## PROBLEM REQUIREMENTS
Copy all the lines below without altering anything.

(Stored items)
╭──

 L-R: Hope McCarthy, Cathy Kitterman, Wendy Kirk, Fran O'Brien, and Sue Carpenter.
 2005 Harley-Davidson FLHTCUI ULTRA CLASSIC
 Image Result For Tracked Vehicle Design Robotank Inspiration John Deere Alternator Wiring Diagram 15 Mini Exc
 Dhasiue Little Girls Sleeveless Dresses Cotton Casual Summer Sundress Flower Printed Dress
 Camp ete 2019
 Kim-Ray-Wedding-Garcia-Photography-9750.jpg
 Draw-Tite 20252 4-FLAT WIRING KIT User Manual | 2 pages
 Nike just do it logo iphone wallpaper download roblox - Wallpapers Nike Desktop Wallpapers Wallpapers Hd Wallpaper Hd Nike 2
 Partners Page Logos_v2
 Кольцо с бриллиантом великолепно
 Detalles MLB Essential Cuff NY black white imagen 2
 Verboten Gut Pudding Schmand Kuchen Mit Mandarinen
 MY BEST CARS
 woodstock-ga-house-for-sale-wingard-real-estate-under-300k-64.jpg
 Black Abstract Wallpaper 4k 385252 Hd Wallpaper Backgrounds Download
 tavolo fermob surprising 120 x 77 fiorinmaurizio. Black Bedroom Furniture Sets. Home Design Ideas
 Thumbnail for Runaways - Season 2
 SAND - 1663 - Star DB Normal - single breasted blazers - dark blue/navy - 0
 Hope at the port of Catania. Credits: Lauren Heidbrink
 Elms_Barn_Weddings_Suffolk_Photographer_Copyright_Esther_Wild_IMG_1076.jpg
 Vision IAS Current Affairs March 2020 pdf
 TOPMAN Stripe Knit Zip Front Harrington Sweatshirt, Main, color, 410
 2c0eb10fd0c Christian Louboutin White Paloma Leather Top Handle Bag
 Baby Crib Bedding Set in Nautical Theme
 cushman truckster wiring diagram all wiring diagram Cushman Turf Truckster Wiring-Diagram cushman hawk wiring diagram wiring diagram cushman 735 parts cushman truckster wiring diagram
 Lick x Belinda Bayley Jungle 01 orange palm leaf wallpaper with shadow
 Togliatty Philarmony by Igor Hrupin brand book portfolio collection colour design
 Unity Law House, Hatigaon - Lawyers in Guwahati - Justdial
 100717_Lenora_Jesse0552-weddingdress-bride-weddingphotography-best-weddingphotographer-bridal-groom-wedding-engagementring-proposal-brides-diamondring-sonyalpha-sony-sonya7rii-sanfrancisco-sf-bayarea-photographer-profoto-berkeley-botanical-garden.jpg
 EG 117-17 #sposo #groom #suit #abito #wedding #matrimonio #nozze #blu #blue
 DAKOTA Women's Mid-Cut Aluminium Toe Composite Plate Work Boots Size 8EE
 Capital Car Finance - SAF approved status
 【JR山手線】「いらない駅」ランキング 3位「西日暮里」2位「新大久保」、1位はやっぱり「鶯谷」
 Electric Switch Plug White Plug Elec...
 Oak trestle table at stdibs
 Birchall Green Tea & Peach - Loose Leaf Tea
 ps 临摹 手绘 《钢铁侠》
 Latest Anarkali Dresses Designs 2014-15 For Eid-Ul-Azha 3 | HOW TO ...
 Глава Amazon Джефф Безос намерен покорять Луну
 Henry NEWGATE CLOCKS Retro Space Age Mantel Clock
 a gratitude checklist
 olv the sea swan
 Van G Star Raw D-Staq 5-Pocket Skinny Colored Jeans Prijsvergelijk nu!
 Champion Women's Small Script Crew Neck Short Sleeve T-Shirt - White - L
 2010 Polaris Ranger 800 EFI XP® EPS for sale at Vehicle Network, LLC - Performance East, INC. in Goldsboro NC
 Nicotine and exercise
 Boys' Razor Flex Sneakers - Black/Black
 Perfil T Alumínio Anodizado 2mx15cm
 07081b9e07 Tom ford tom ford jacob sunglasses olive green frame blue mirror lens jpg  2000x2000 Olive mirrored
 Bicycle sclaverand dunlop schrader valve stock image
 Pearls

╰──

## ANSWER SECTION
 L-R: Hope McCarthy, Cathy Kitterman, Wendy Kirk, Fran O'Brien, and Sue Carpenter.
 2005 Harley-Davidson FLHTCUI ULTRA CLASSIC
 Image Result For Tracked Vehicle Design Robotank Inspiration John Deere Alternator Wiring Diagram 15 Mini Exc
 Dhasiue Little Girls Sleeveless Dresses Cotton Casual Summer Sundress Flower Printed Dress
 Camp ete 2019
 Kim-Ray-Wedding-Garcia-Photography-9750.jpg
 Draw-Tite 20252 4-FLAT WIRING KIT User Manual | 2 pages
 Nike just do it logo iphone wallpaper download roblox - Wallpapers Nike Desktop Wallpapers Wallpapers Hd Wallpaper Hd Nike 2
 Partners Page Logos_v2
 Кольцо с бриллиантом великолепно
 Detalles MLB Essential Cuff NY black white imagen 2
 Verboten Gut Pudding Schmand Kuchen Mit Mandarinen
 MY BEST CARS
 woodstock-ga-house-for-sale-wingard-real-estate-under-300k-64.jpg
 Black Abstract Wallpaper 4k 385252 Hd Wallpaper Backgrounds Download
 tavolo fermob surprising 120 x 77 fiorinmaurizio. Black Bedroom Furniture Sets. Home Design Ideas
 Thumbnail for Runaways - Season 2
 SAND - 1663 - Star DB Normal - single breasted blazers - dark blue/navy - 0
 Hope at the port of Catania. Credits: Lauren Heidbrink
 Elms_Barn_Weddings_Suffolk_Photographer_Copyright_Esther_Wild_IMG_1076.jpg
 Vision IAS Current Affairs March 2020 pdf
 TOPMAN Stripe Knit Zip Front Harrington Sweatshirt, Main, color, 410
 2c0eb10fd0c Christian Louboutin White Paloma Leather Top Handle Bag
 Baby Crib Bedding Set in Nautical Theme
 cushman truckster wiring diagram all wiring diagram Cushman Turf Truckster Wiring-Diagram cushman hawk wiring diagram wiring diagram cushman 735 parts cushman truckster wiring diagram
 Lick x Belinda Bayley Jungle 01 orange palm leaf wallpaper with shadow
 Togliatty Philarmony by Igor Hrupin brand book portfolio collection colour design
 Unity Law House, Hatigaon - Lawyers in Guwahati - Justdial
 100717_Lenora_Jesse0552-weddingdress-bride-weddingphotography-best-weddingphotographer-bridal-groom-wedding-engagementring-proposal-brides-diamondring-sonyalpha-sony-sonya7rii-sanfrancisco-sf-bayarea-photographer-profoto-berkeley-botanical-garden.jpg
 EG 117-17 #sposo #groom #suit #abito #wedding #matrimonio #nozze #blu #blue
 DAKOTA Women's Mid-Cut Aluminium Toe Composite Plate Work Boots Size 8EE
 Capital Car Finance - SAF approved status
 【JR山手線】「いらない駅」ランキング 3位「西日暮里」2位「新大久保」、1位はやっぱり「鶯谷」
 Electric Switch Plug White Plug Elec...
 Oak trestle table at stdibs
 Birchall Green Tea & Peach - Loose Leaf Tea
 ps 临摹 手绘 《钢铁侠》
 Latest Anarkali Dresses Designs 2014-15 For Eid-Ul-Azha 3 | HOW TO ...
 Глава Amazon Джефф Безос намерен покорять Луну
 Henry NEWGATE CLOCKS Retro Space Age Mantel Clock
 a gratitude checklist
 olv the sea swan
 Van G Star Raw D-Staq 5-Pocket Skinny Colored Jeans Prijsvergelijk nu!
 Champion Women's Small Script Crew Neck Short Sleeve T-Shirt - White - L
 2010 Polaris Ranger 800 EFI XP® EPS for sale at Vehicle Network, LLC - Performance East, INC. in Goldsboro NC
 Nicotine and exercise
 Boys' Razor Flex Sneakers - Black/Black
 Perfil T Alumínio Anodizado 2mx15cm
 07081b9e07 Tom ford tom ford jacob sunglasses olive green frame blue mirror lens jpg  2000x2000 Olive mirrored
 Bicycle sclaverand dunlop schrader valve stock image
 Pearls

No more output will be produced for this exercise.